What does the sky look like through a 36-inch telescope? I found out at Ohio's Hidden Hollow Star Party last week. Here's my report and a few observing targets to share.

Peaceful invasion
A surprise visit by an alien to the Hidden Hollow Star Party in Ohio last weekend. He came in peace.
Bob King

I spent last weekend 50 miles north of Columbus, Ohio, as a guest of the Richland Astronomical Society at the club's annual Hidden Hollow Star Party. There I met a lot of smart, fun, and warm-hearted people who treated me like a king. What a great bunch, and I'm grateful for all the new friendships made.

The club owns and operates the Warren Rupp Observatory, situated on a small hill in the middle of a cozy oak forest, which houses a splendid 36-inch f/6.8 reflecting telescope nicknamed "Big Blue." The massive instrument towers over guests of the classic, domed observatory.

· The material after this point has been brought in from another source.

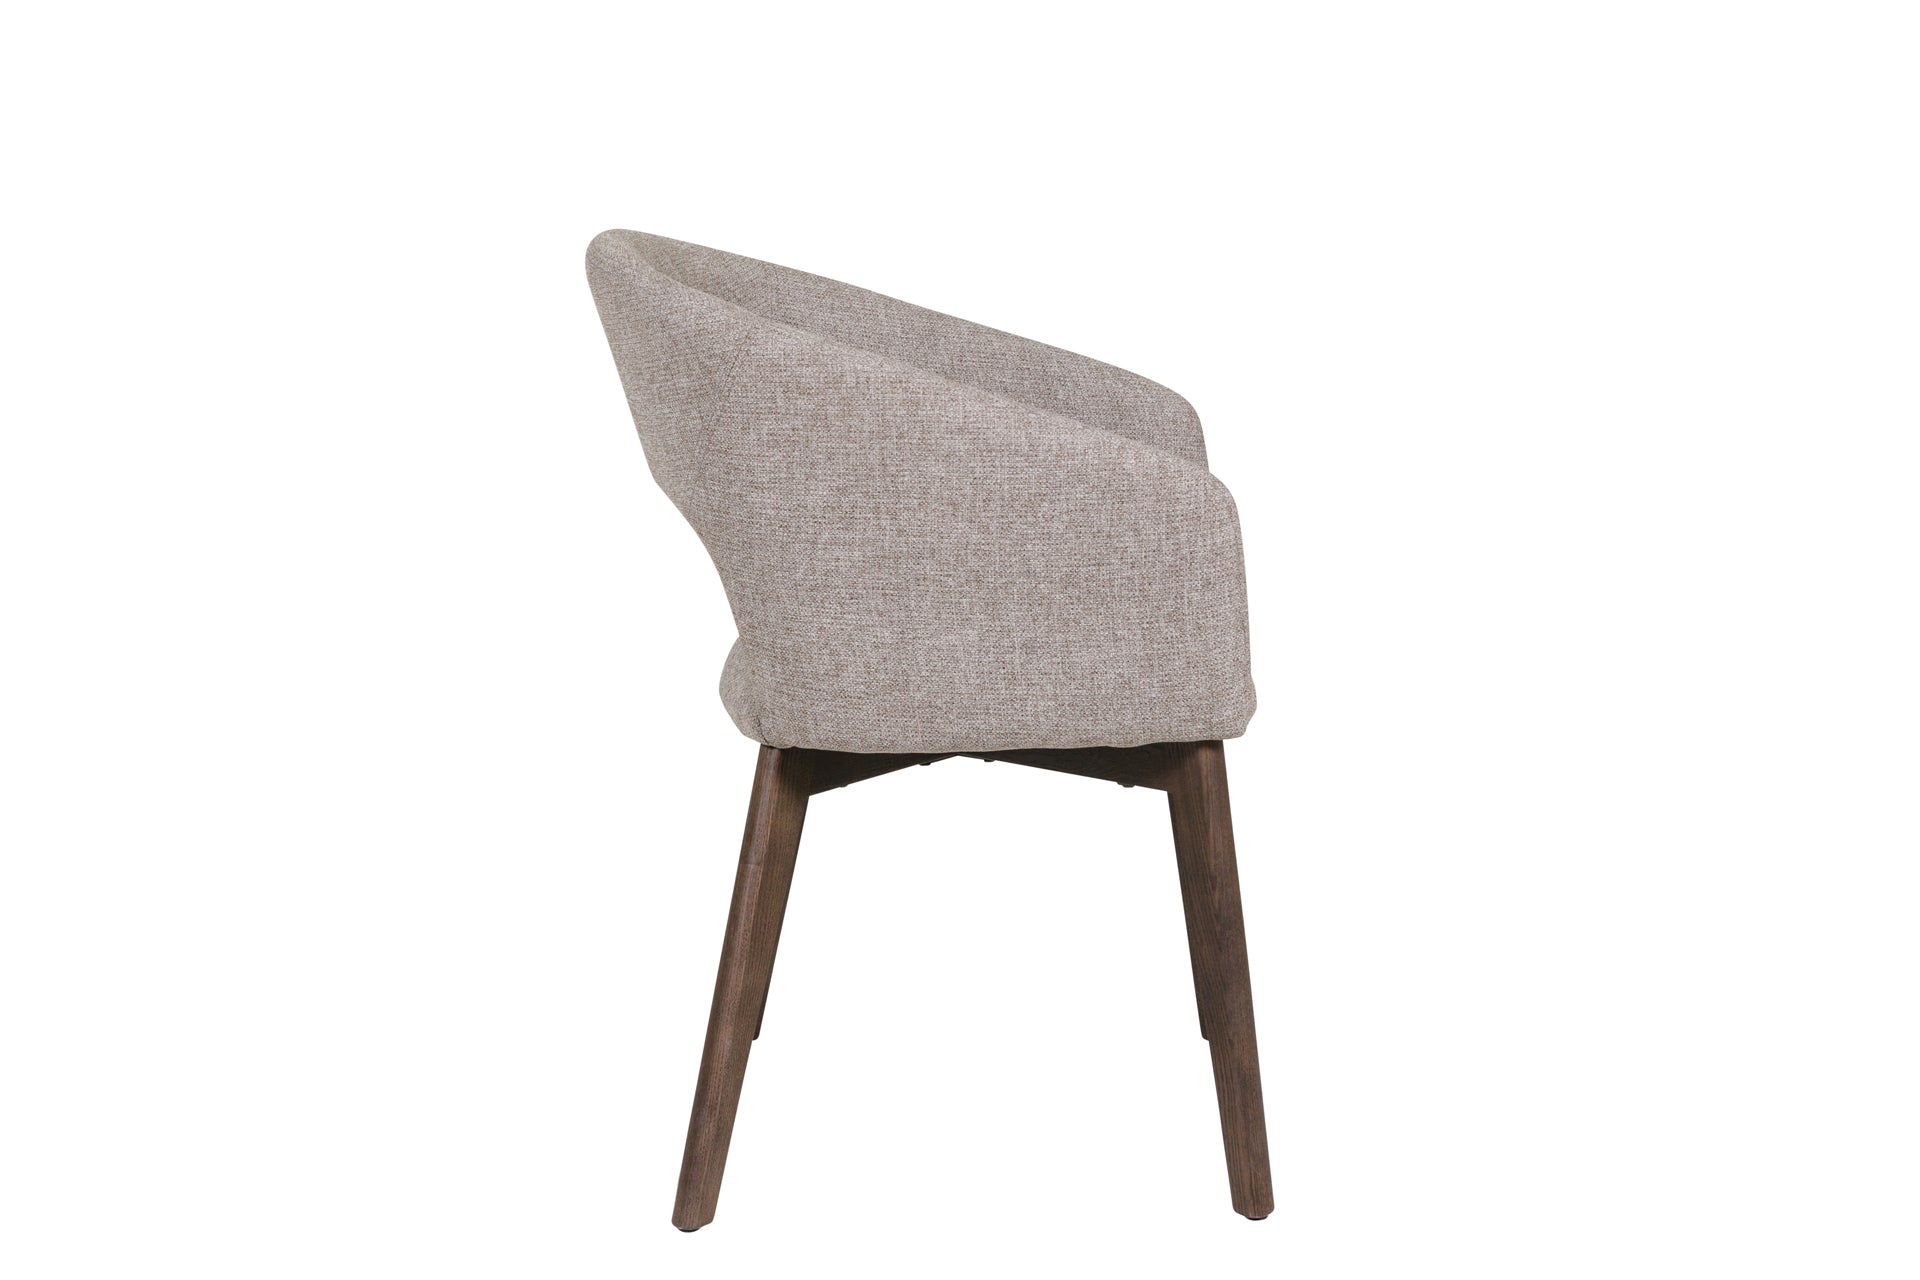 Everest Dining Chairs - Latte

Both nights, the air thrummed with the buzz and scratch of countless crickets and katydids. Although a few clouds floated by and the lights of several nearby cities bloomed here and there along the horizon, the Milky Way from Cassiopeia through Aquila was plainly visible, and I could easily make out the Double Cluster and Andromeda Galaxy with the naked eye. This surprised me because nighttime satellite photos show this part of the country awash in light pollution. Now I know to take those photos with a small grain of salt. There are pockets of darkness, and this is one of them.

Closer to the Stars
An observer studies the planetary nebula M27 in Vulpecula through the Warren Rupp Observatory's 36-inch "Big Blue" reflector from atop a lift last weekend.
Bob King

The telescope functions best when pointed at objects in the upper half of the sky, placing the eyepiece nearly 25 feet high. A ladder would make reaching it a great chore especially for older people and young children, so the staff arrived at an ingenious solution: a mobile scissors lift. Visitors climb three, red-light-illuminated steps to a caged platform, then the telescope operator elevates them to the eyepiece. Amateur astronomer Bruce Scodova did most of the lifting Friday and Saturday nights, deftly positioning each observer's eye precisely at eyepiece level. He made it seem easy, but all those nights of public outreach, not to mention tracking down 10,000-plus galaxies with Big Blue, had earned him a very particular, Liam Neeson-like set of skills.

Seeking the Sky
Observers seek favorite deep-sky objects with their personal telescopes at the Hidden Hollow Star Party.
Bob King

Before I tell you what we looked at, let's take a minute to sing the praises of old-style domes with their delicious smells and sounds. Stepping in from the outside, the nose detects a delicate bouquet of grease, metal, and musk, a positively 19th-century aroma that would put smiles on the faces of E. E. Barnard and Percival Lowell if they could walk among the living again. Red lights glow along the wall, silhouetting the tall tube and massive mount. Your trip to the eyepiece is accompanied by the whine of the lift, while the ride itself is thrilling. It felt as through we rode an elevator to the stars.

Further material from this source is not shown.